Cross-Market Arbitrage Detection
Arbitrage opportunities arise when related markets on different platforms price the same event differently. For example, if Polymarket prices "Event X" at $0.70 YES and Kalshi prices it at $0.65 YES, a trader can buy on Kalshi and sell on Polymarket for a risk-free profit.
-- Detect cross-platform arbitrage opportunities
CREATE MATERIALIZED VIEW arbitrage_opportunities AS
SELECT
p.event_name,
p.platform as platform_a,
p.current_price as price_a,
k.platform as platform_b,
k.current_price as price_b,
ABS(p.current_price - k.current_price) as spread,
CASE
WHEN p.current_price > k.current_price THEN 'Buy on B, Sell on A'
ELSE 'Buy on A, Sell on B'
END as action
FROM polymarket_prices p
JOIN kalshi_prices k ON p.event_id = k.event_id
WHERE ABS(p.current_price - k.current_price) > 0.03; -- 3% minimum spread
Risk Management
Real-time risk management prevents catastrophic losses:
-- Position exposure monitoring
CREATE MATERIALIZED VIEW risk_dashboard AS
SELECT
user_id,
COUNT(DISTINCT market_id) as active_markets,
SUM(position_size * current_price) as total_exposure,
MAX(position_size * current_price) as largest_position,
SUM(ABS(unrealized_pnl)) as total_unrealized_risk
FROM user_pnl
GROUP BY user_id;
-- Alert on excessive concentration
CREATE MATERIALIZED VIEW risk_alerts AS
SELECT user_id, total_exposure, largest_position
FROM risk_dashboard
WHERE total_exposure > 100000 -- $100K exposure limit
OR largest_position / total_exposure > 0.5; -- >50% in single market
Why Streaming Databases Fit Prediction Markets
Traditional prediction market architectures use a fragmented stack:
Trade Events → Kafka → Flink (processing) → Redis (cache) → PostgreSQL (storage)
A streaming database like RisingWave collapses this into:
Trade Events → RisingWave (processing + serving + storage)
Advantages:
- Single system for ingestion, processing, and serving
- SQL-only — no Java, no complex stream processing code
- Sub-second updates — materialized views refresh within milliseconds
- PostgreSQL protocol — dashboards, APIs, and admin tools connect directly
- State on S3 — elastic scaling, fast recovery, no local disk failures
- Exactly-once — no double-counting of trades or settlements
The Market Opportunity
Prediction markets are the fastest-growing segment in financial technology:
- 2024 US Election: Polymarket alone processed $3.7 billion in trading volume
- 2025 Annual volume: $44 billion globally across all platforms
- 2026 Weekly volume: ~$6 billion on Kalshi + Polymarket combined
- Growth trajectory: Projections suggest $1.3 trillion in annual volume by end of 2026
- Sports dominance: 80%+ of 2025-2026 trading volume is sports-related
- Regulatory tailwind: Both Polymarket and Kalshi now have CFTC approval as Designated Contract Markets
This growth creates massive demand for real-time data infrastructure that can handle increasing trade volumes, market counts, and settlement complexity.
Frequently Asked Questions
How do prediction market odds work?
Prediction market prices represent implied probabilities.
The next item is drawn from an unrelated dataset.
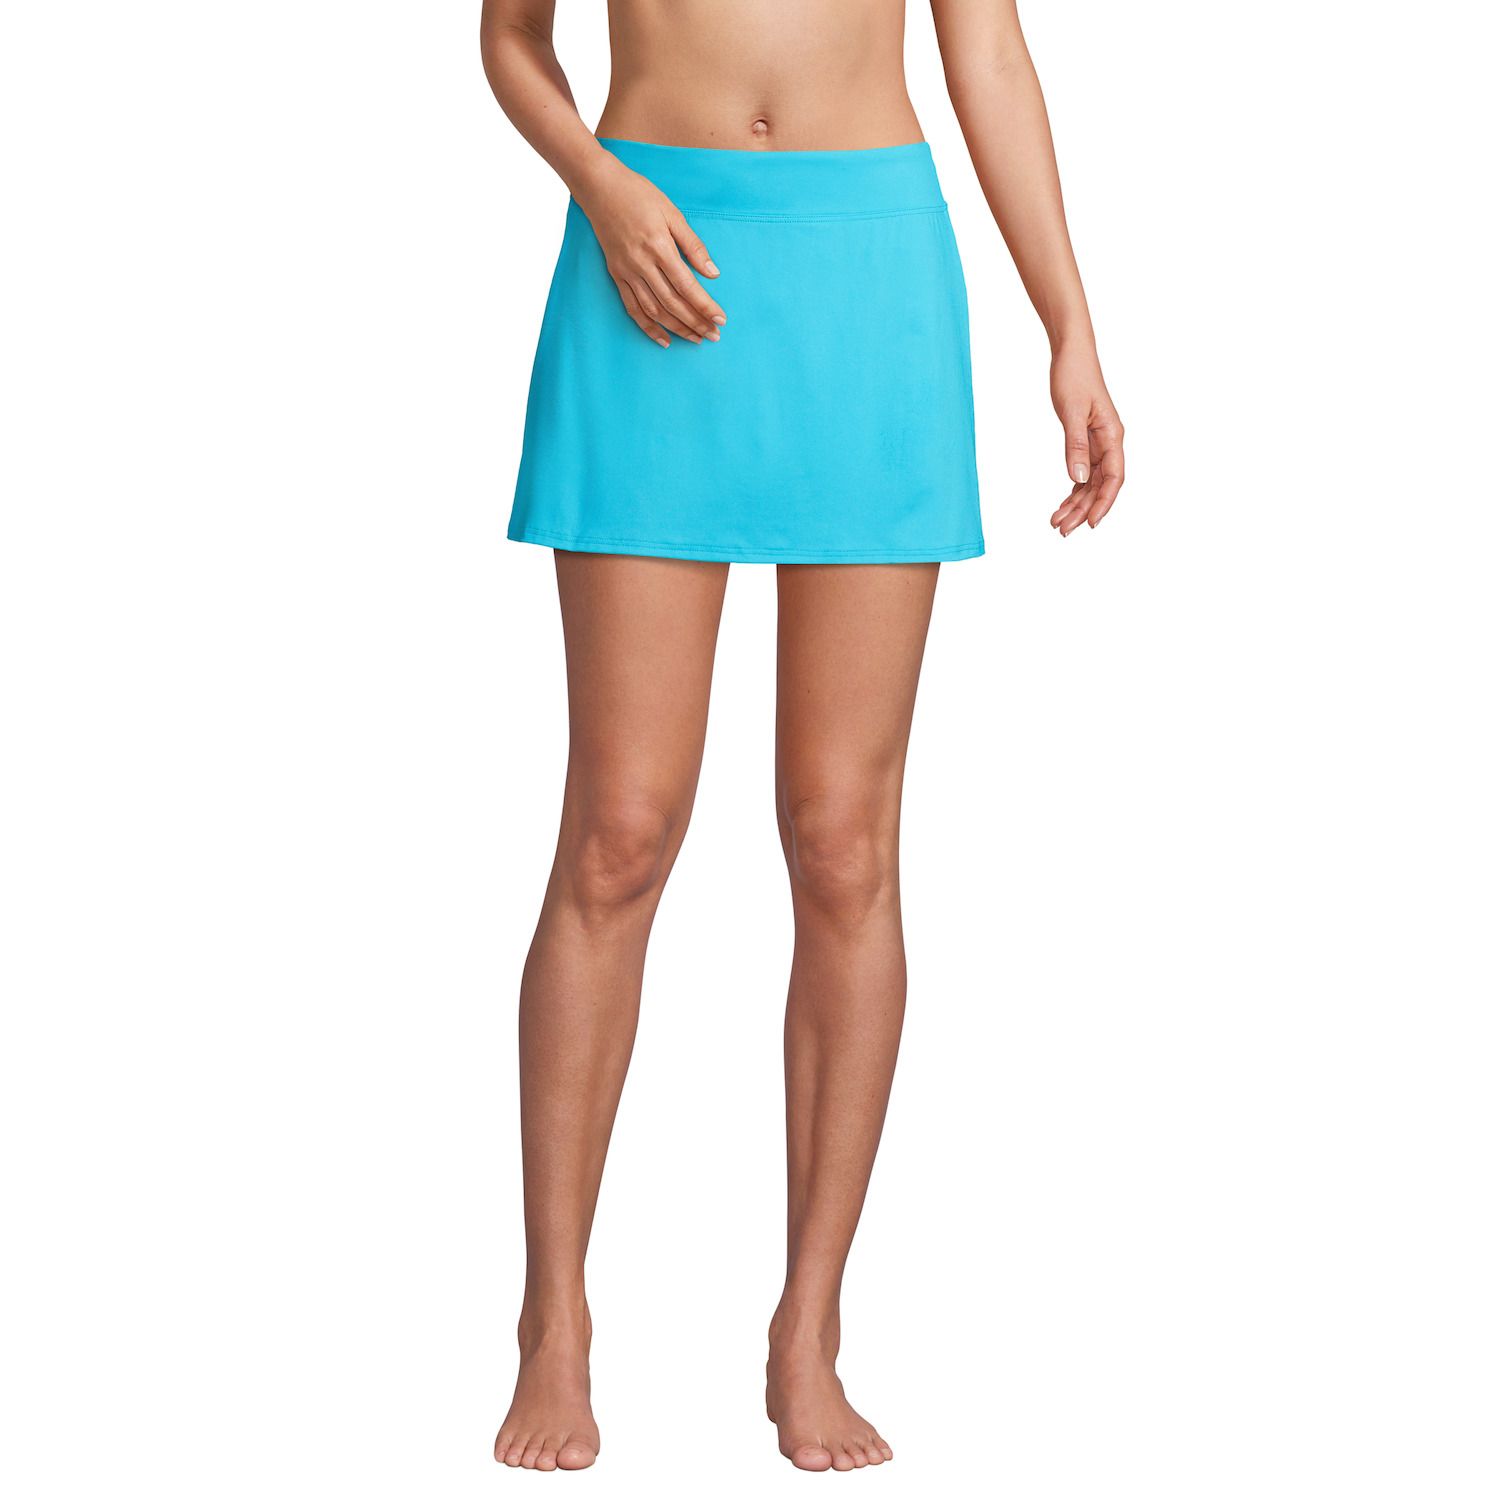 Image for Lands' End Petite Thigh Minimizer Swim Skirt at Kohl's.
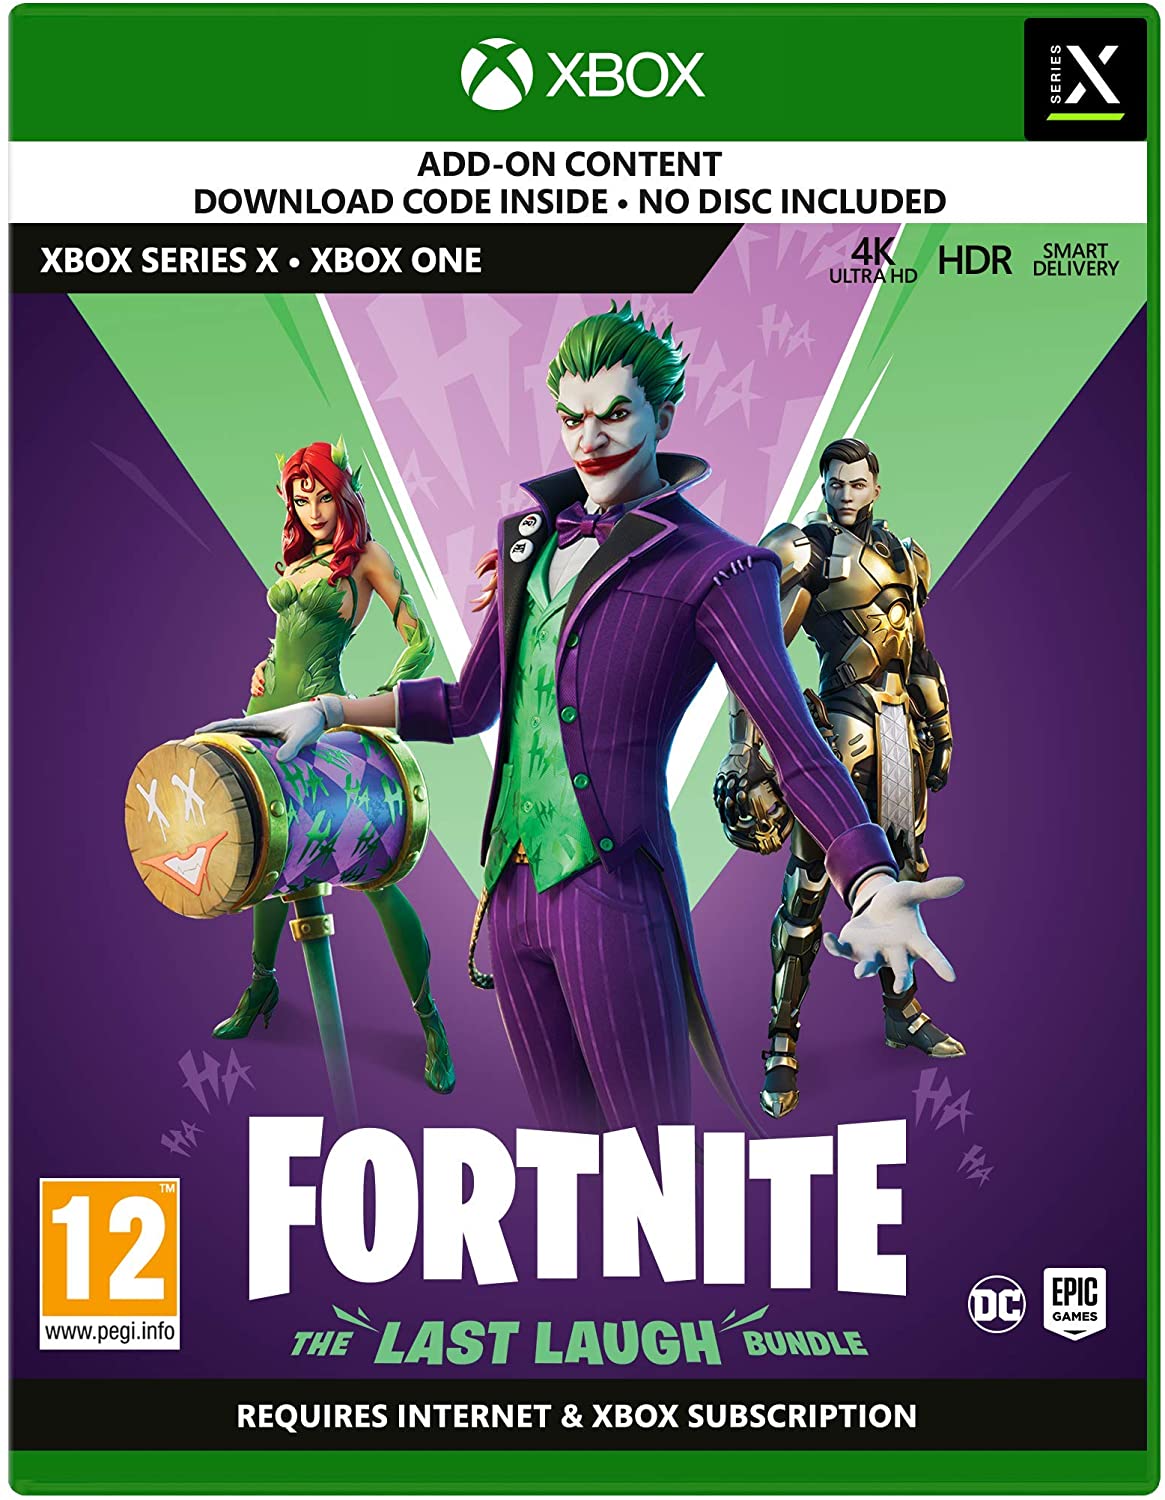 Fortnite: The Last Laugh Bundle Digital Download Key (Xbox One/Series X): USA

A YES contract trading at $0.70 means the market collectively estimates a 70% probability of the event occurring. If you buy YES at $0.70 and the event happens, you receive $1.00 — a profit of $0.30. If it doesn't happen, you lose your $0.70.
What is the difference between CLOB and AMM in prediction markets?
A Central Limit Order Book (CLOB) matches buyers and sellers based on price-time priority, like a stock exchange. An Automated Market Maker (AMM) uses a mathematical formula (like LMSR) to set prices algorithmically. CLOBs offer tighter spreads in liquid markets; AMMs guarantee continuous liquidity even in thin markets.
Why do prediction markets need stream processing?
Prediction markets require real-time updates for odds, user positions, P&L, risk management, and settlement. Batch processing with hourly or daily refreshes is fundamentally incompatible with live trading. A streaming database like RisingWave maintains all these computations as continuously updated materialized views, ensuring every query returns the latest state.
How does settlement work in prediction markets?
When an event resolves, an oracle (UMA Optimistic Oracle for Polymarket, internal for Kalshi) publishes the outcome. The settlement engine computes payouts for every open position: winners receive $1.00 per contract minus their purchase price; losers forfeit their purchase price. In a streaming database, settlement is a continuous join between the trades stream and the oracle feed — payouts compute instantly when the resolution arrives.
How big is the prediction market industry?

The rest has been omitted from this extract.